Rutgers hosts New Mexico team with unique approach on either side of ball
Exotic isn’t the first word that comes to mind when thinking of Albuquerque, New Mexico — the largest city in the Cactus State known more for the desert scenes in Breaking Bad and hosting the world’s most popular hot air balloon festival than as a vacation destination.
But exotic was precisely the word used by Rutgers head football coach Chris Ash to describe the New Mexico football team’s style of play on the defensive side of the ball, one of the many compliments he showered his team’s next opponent with following last Saturday’s win over Howard.
“We have a real game next weekend,” he said following his first win as a head coach, a 52-14 comeback over the Bison. “They do a lot of exotic things on defense that create problems. So this is a real football team and a real test for us next week.”
The Lobos (1-1) bring a 3-4 base defense to the Banks for this Saturday’s matchup with the Scarlet Knights (1-1), a different approach the offense must adjust to as they continue to adapt to the power spread offense.
“I’ve seen a quite bit of film. They’re definitely a physical team,” said senior wide receiver Andre Patton. “They definitely have a lot of leadership, a lot of older guys that have experience in the game, so we’re definitely going to be going up against a good team and we just have to go and play with the best we got.”
The defense is one of the many things that Bob Davies’ team does differently than most teams in college football.
New Mexico is typically known for its exotic qualities on the offensive side of the ball, but Ash went with the word unique to describe its triple-option attack. The offense is a variation of the one run by the academy schools, only this one is operates out of the pistol formation rather than the traditional wishbone run by Army and Navy.

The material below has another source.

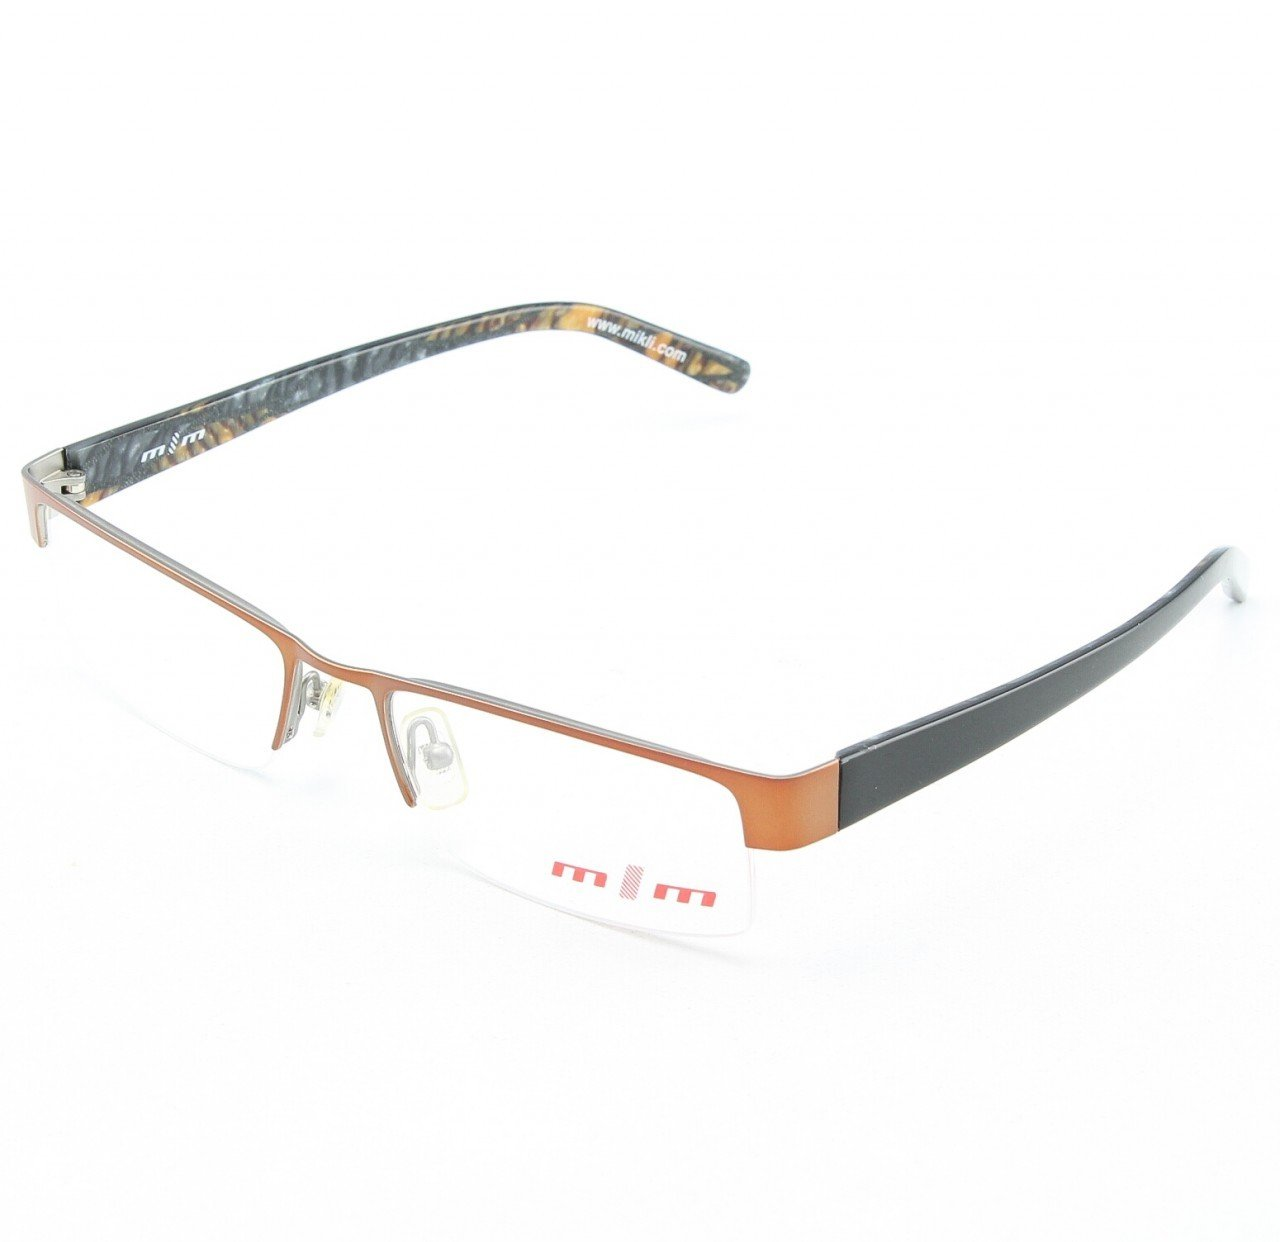 Alain Mikli Eyeglasses 623 05 Bronze Black with Clear Lenses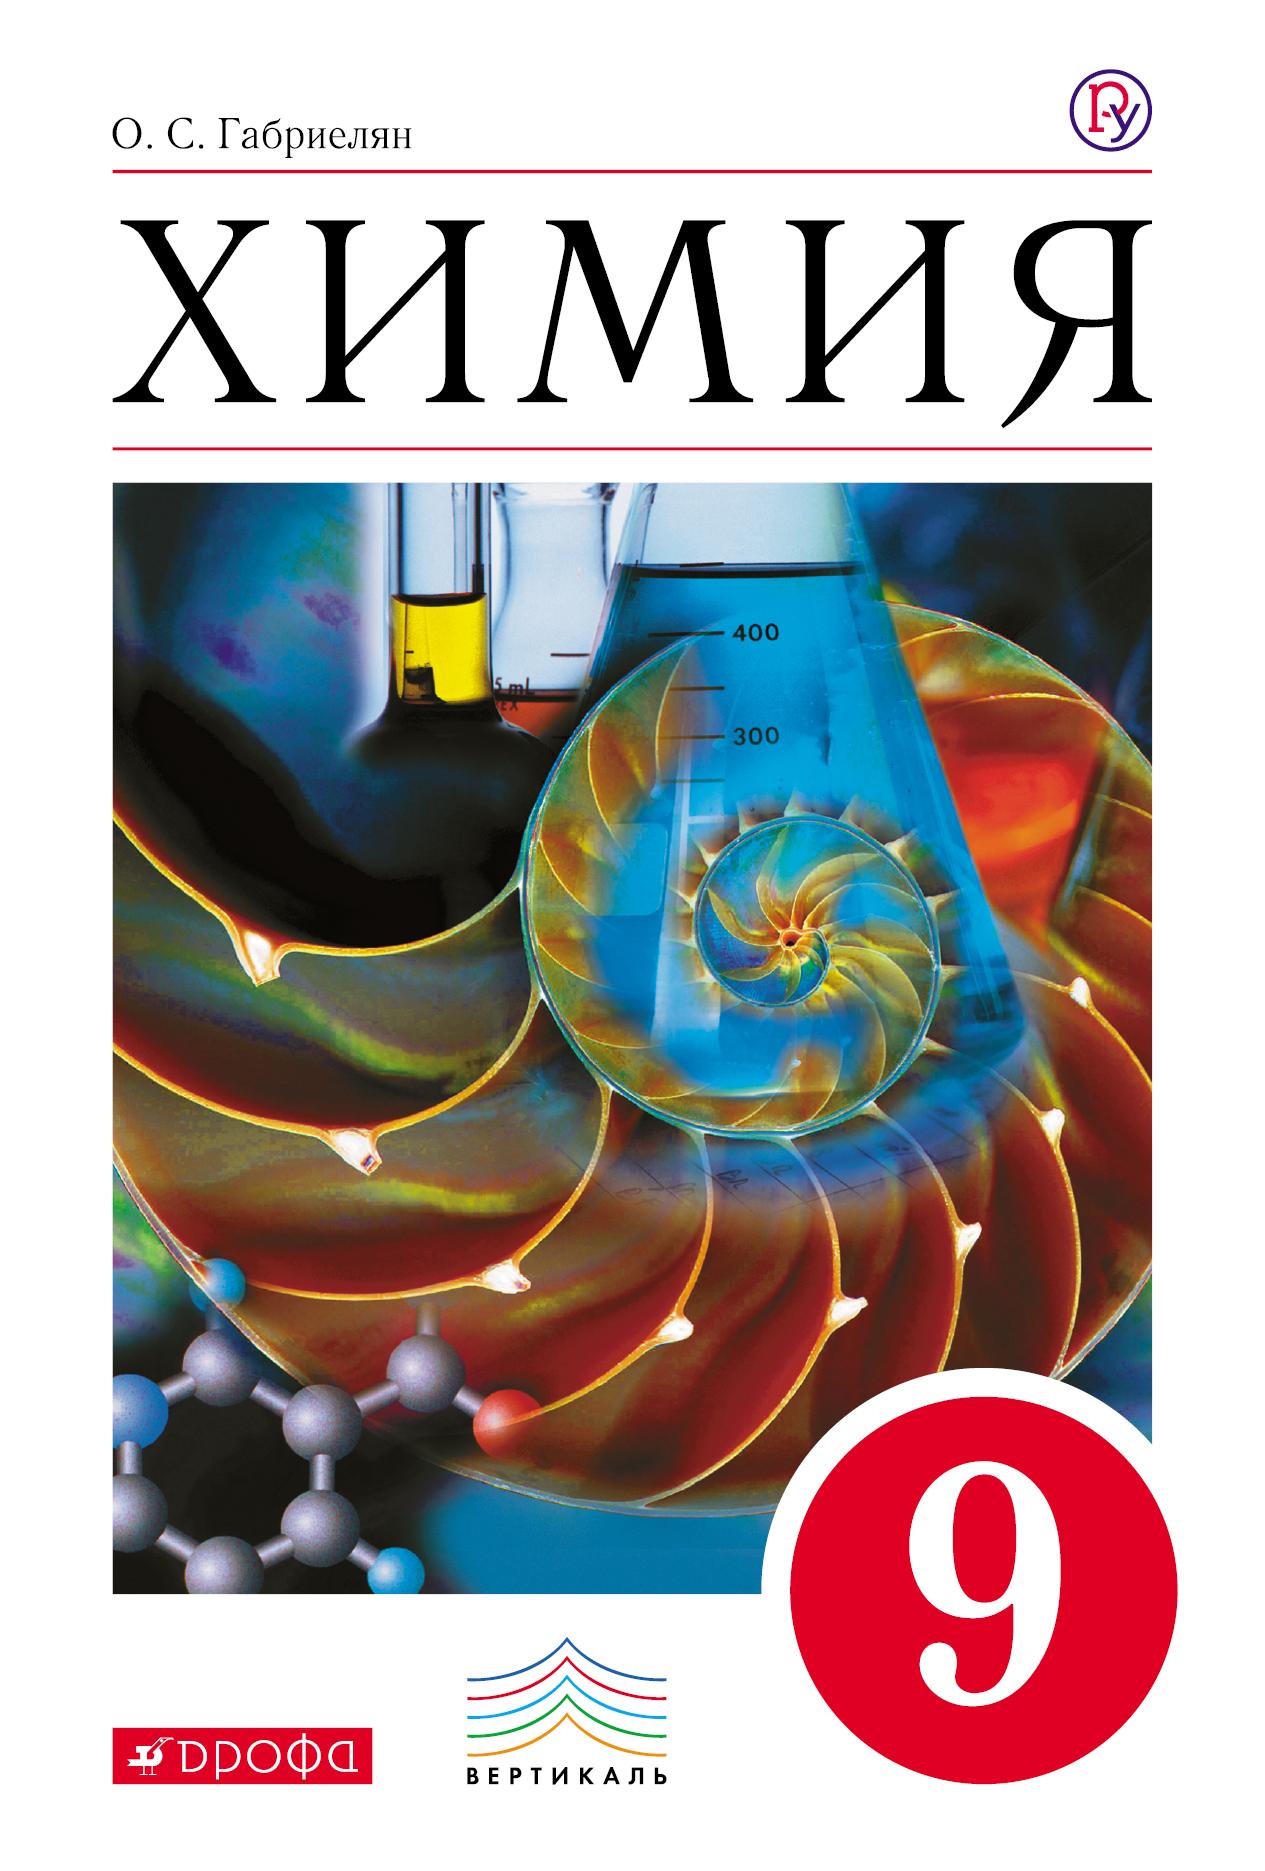 цена на Габриелян О.С. Химия. 9 класс. Учебник

A majority of the Knights listed as starters on defense for the contest have experience playing at least one of the academy schools in their careers in Piscataway, but though the offenses are similar in name, they’re much different in practice, Ash said.
Comparing the Lobos’ offense to that of Army would be similar to assuming that playing the Knights’ run-first power spread would prepare a team to face the air-raid style offense of Mike Leach’s Washington State.
“They’re a triple-option team, but they’re also committed enough to throwing the football that they do a good job of it and can do it when they need to or probably just when they want to,” said defensive coordinator Jay Niemann. “So it’s a better passing attack than what you see with a traditional, what you would refer to as the old wishbone kind of an offense. And it's a more diverse run game. They have a very diverse run game, so get stretched in the pass game and the run game makes it really hard to defend.”
New Mexico can throw the ball, but where it shines is in the run game.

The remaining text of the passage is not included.